Si los cálculos no fallan, Recep Tayyip Erdogan está muy cerca de renovar su mandato en Turquía y ganar la segunda vuelta de este domingo. El hombre más poderoso de su país desde hace dos décadas, y que no duda en hacer tratos con rusos, chinos, estadounidenses y europeos, sabe que tiene la llave de las negociaciones en la geopolítica mundial.
Por eso, su casi segura reelección –y control total del Congreso– es tan importante y de ella están pendientes los ojos de todos los influyentes.
Turquía no es un país más. La eterna bisagra entre Europa y Asia fue la responsable de la conquista de Constantinopla y la caída del Imperio Bizantino en el siglo XV, gracias a Mehmet II, lo que permitió la expansión de los otomanos en los Balcanes, Europa del Este, Medio Oriente y el norte de África.
A inicios del siglo XX, tras la derrota del Imperio Otomano en la Primera Guerra Mundial, estuvieron a punto de ser reducidos a la mínima expresión ante la repartija de británicos y franceses. Pero los turcos renacieron como república de la mano de Atatürk, quien sentó las bases de lo que hoy es Turquía. Justamente, este 2023 se cumple el primer siglo de la fundación del país como una república democrática, secular, unitaria y constitucional.
Pero la Turquía de Erdogan –que además es miembro de la OTAN– se ha ido alejando de estos principios. Su autoritarismo, populismo, nacionalismo y copamiento de las instituciones y medios de comunicación ha ido de la mano de un islamismo cada vez más radical, factores que siguen preocupando a Occidente, por lo que no han dudado en ponerlo desde hace años en el mismo saco en el que están Putin en Rusia y Orbán en Hungría.
Sin embargo, suele ocurrir que, cuando se analiza la política exterior, se tiende a ver desde un prisma europeo o americano y de acuerdo a los intereses que promueven las grandes potencias.
Esto no exime de responsabilidad a Erdogan (ni a Putin, Orbán o Modi en la India), pero es importante entender el contexto en el que estos presidentes se manejan. Vivimos en tiempos en donde los extremismos marcan la pauta, en los que líderes carismáticos y populistas saben tocar los botones sensibles de la población, como el orgullo nacional y el rechazo al diferente (generalmente, un inmigrante devenido invasor).
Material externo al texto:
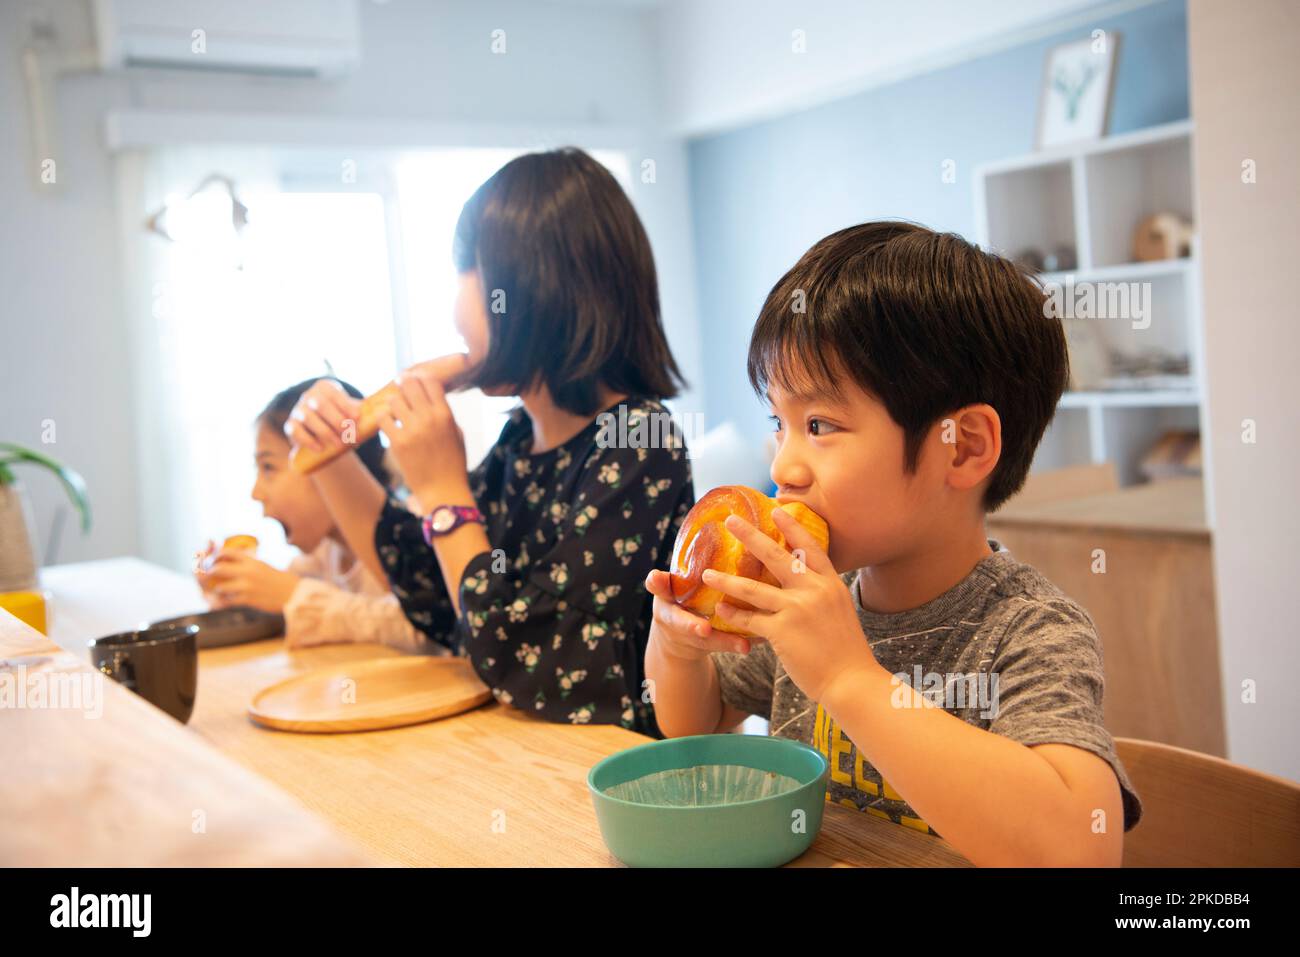 Children eating bread at the counter Stock Photo

En el caso de Turquía, la fibra nacionalista ha pesado mucho más para el elector que su alicaída economía, pues el país no levanta cabeza ante la devaluación de su moneda y la elevada inflación; o que la mala gestión evidenciada con la lentísima respuesta del gobierno tras el último terremoto que dejó nada menos que 50.000 muertos.